Познакомились Анохин с Маркеловым пять лет назад в милиции. Оба попали в изолятор первый раз. Обстановка там была им одинаково непривычна. Оба сторонились шумных, старающихся казаться бывалыми, временных соседей. Чтобы не быть в одиночестве, потянулись друг к другу… Прораб Маркелов попался на краже линолеума, а Анохина обвинили в ограблении колхозной кассы. Когда стало ясно, что Анохину не выпутаться, а Маркелова управление возьмет на поруки, Анохин рассказал новому приятелю, где спрятал довольно большую часть денег из колхозной кассы. Рассказал потому, что опасался, что до его выхода из колонии денег в тайнике не окажется. Ненадежное было место. Прятал впопыхах. Маркелов мог пользоваться теми деньгами, но вернуть должен был половину по первому требованию Анохина. Виталию Трофимовичу деньги тогда были нужны.
Маркелов весь день на работе нервничал, не покидало ощущение, что за ним наблюдают, постоянно хотелось оглянуться. И он не выдерживал, оглядывался. На другой день, в четверг, тревога притупилась, стала отпускать, а в пятницу утром начальник потребовал, чтобы он обеспечил работу в выходной день, в субботу, иначе отделку дома в срок не закончить. Виталий Трофимович, бегая по этажам, забыл о Анохине, забыл о своей тревоге.
2
Начальник уголовного розыска Батурин вызвал к себе оперуполномоченного Морозова. Когда тот вошел в кабинет начальника, там сидел парень: аккуратный пиджак, галстук.
— Познакомься, Валерий Григорьевич! — сказал Батурин Морозову, и парень быстро поднялся. — Николай Егорович Чистяков, оперуполномоченный, пока по документам, а настоящего оперуполномоченного из него должен сделать ты!
— Сделаем! — усмехнулся Морозов, пожимая руку Чистякова.
Лицо парня ему понравилось: энергичное, волевое, взгляд доброжелательный.
— Это одно! — продолжал Батурин и указал рукой на стул: — Садись… Не успели мы объявление о розыске Анохина вывесить, как вот, первый сигнал! — Батурин поднял над столом листок из школьной тетради и заглянул в конец письма. — Гражданка Стыркина пишет, что видела Анохина возле кинотеатра «Зенит» с женщиной в розовом сарафане. Мужчина высокого роста, кареглазый, нос прямой, лоб высокий, коротко остриженный, худощавый… с усами… Приметы совпадают, а усы отрастить недолго… Как видите, Валерий Григорьевич, Анохин объявился у нас… к сожалению, конечно… Раньше занимался им ты, займись снова…

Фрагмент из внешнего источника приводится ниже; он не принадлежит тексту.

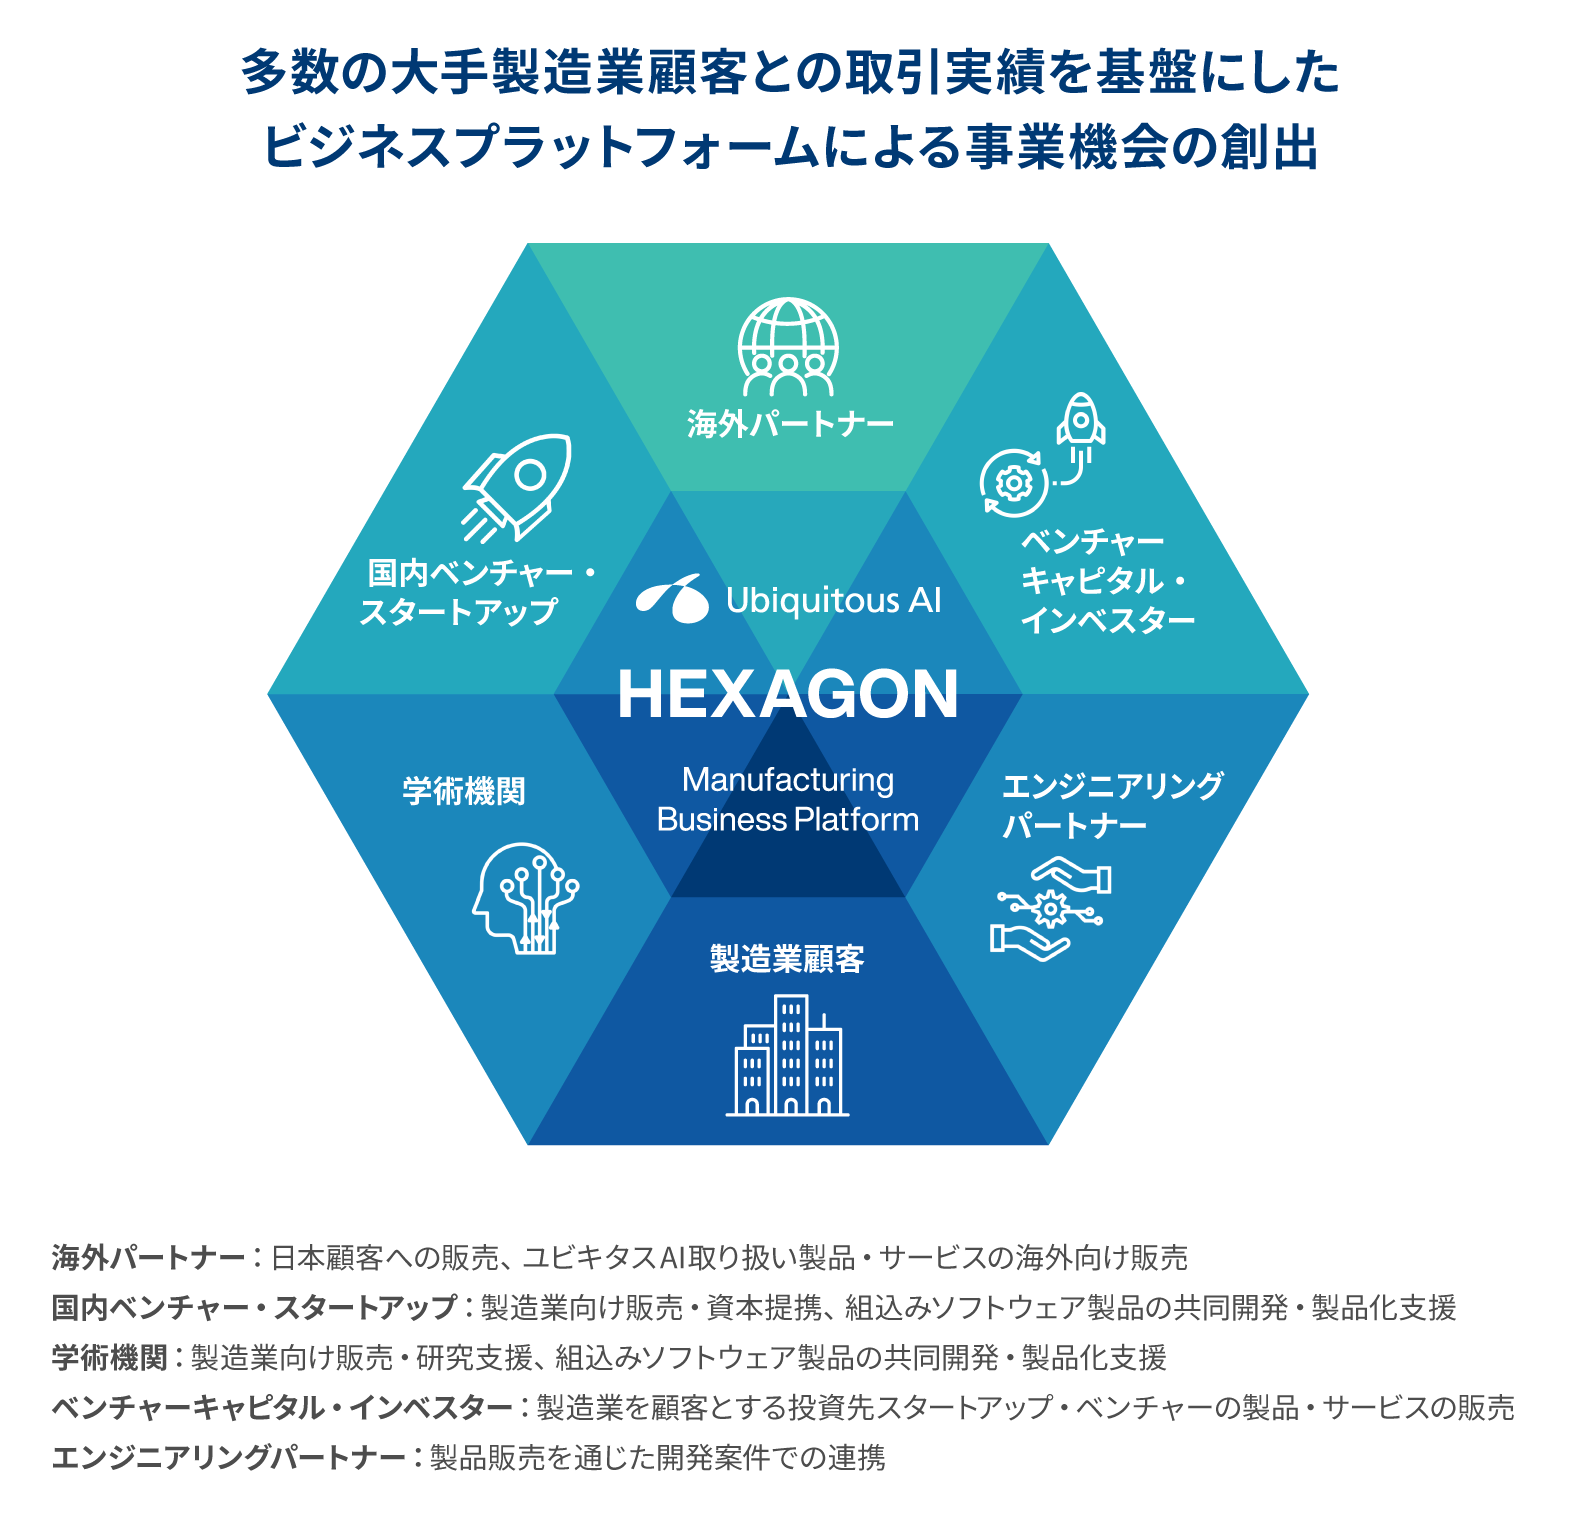 製造業向けビジネスプラットフォーム「HEXAGON」

Николай Чистяков слушал Батурина с деловым видом, чуть нахмурив брови, старался не пропустить ни слова. Начальник уголовного розыска был похож на учителя истории, перед которым Чистяков сильно робел в школьные годы и всегда смущался, когда учитель обращался к нему, хотя говорил он ровным, даже ласковым голосом. Батурин говорил точно так же, неторопливо и обстоятельно, словно объяснял новую тему урока.
— Сомневаюсь я, чтобы такой неглупый человек, как Анохин, полез в город, где можно знакомых встретить и погореть, — сказал Морозов, подставляя руку под прохладную струю воздуха от вентилятора, который, тихонько урча, поворачивал свою белую голову то к Батурину, то к нему. — По таким приметам и меня за Анохина принять можно: нос прямой, глаза карие, лоб высокий, рост выше среднего…
— Верно!.. Но давай размышлять! Давай поставим себя на место Анохина… Допустим, мы с тобой взяли кассу. Я ушел с деньгами, а ты попался и рассказал все обо мне. Объявлен розыск. Что мне делать? Что бы ты стал делать на месте Анохина, Николай Егорович? — обратился Батурин к Чистякову.
Николай не ожидал вопроса, смутился, но быстро нашелся:
— Пришел бы с повинной!
Батурин и Морозов засмеялись.
— Приходят, приходят после объявления всесоюзного розыска, но на это надеяться не надо…
— У меня было бы два варианта, — серьезно сказал Чистяков. — Первый — перейти на нелегальное положение и второй — купить документы на другое имя!
— Верно! И что бы ты выбрал из двух версий, Валерий Григорьевич? — взглянул Батурин на Морозова. — Характер Анохина тебе известен!
— Второй, конечно!.. У него были документы на другое имя, почему же и снова там не достать?
— Там уж нельзя! Доставал Анохину его сообщник…
— Но я могу купить в другом городе, зачем мне соваться в Красногорск?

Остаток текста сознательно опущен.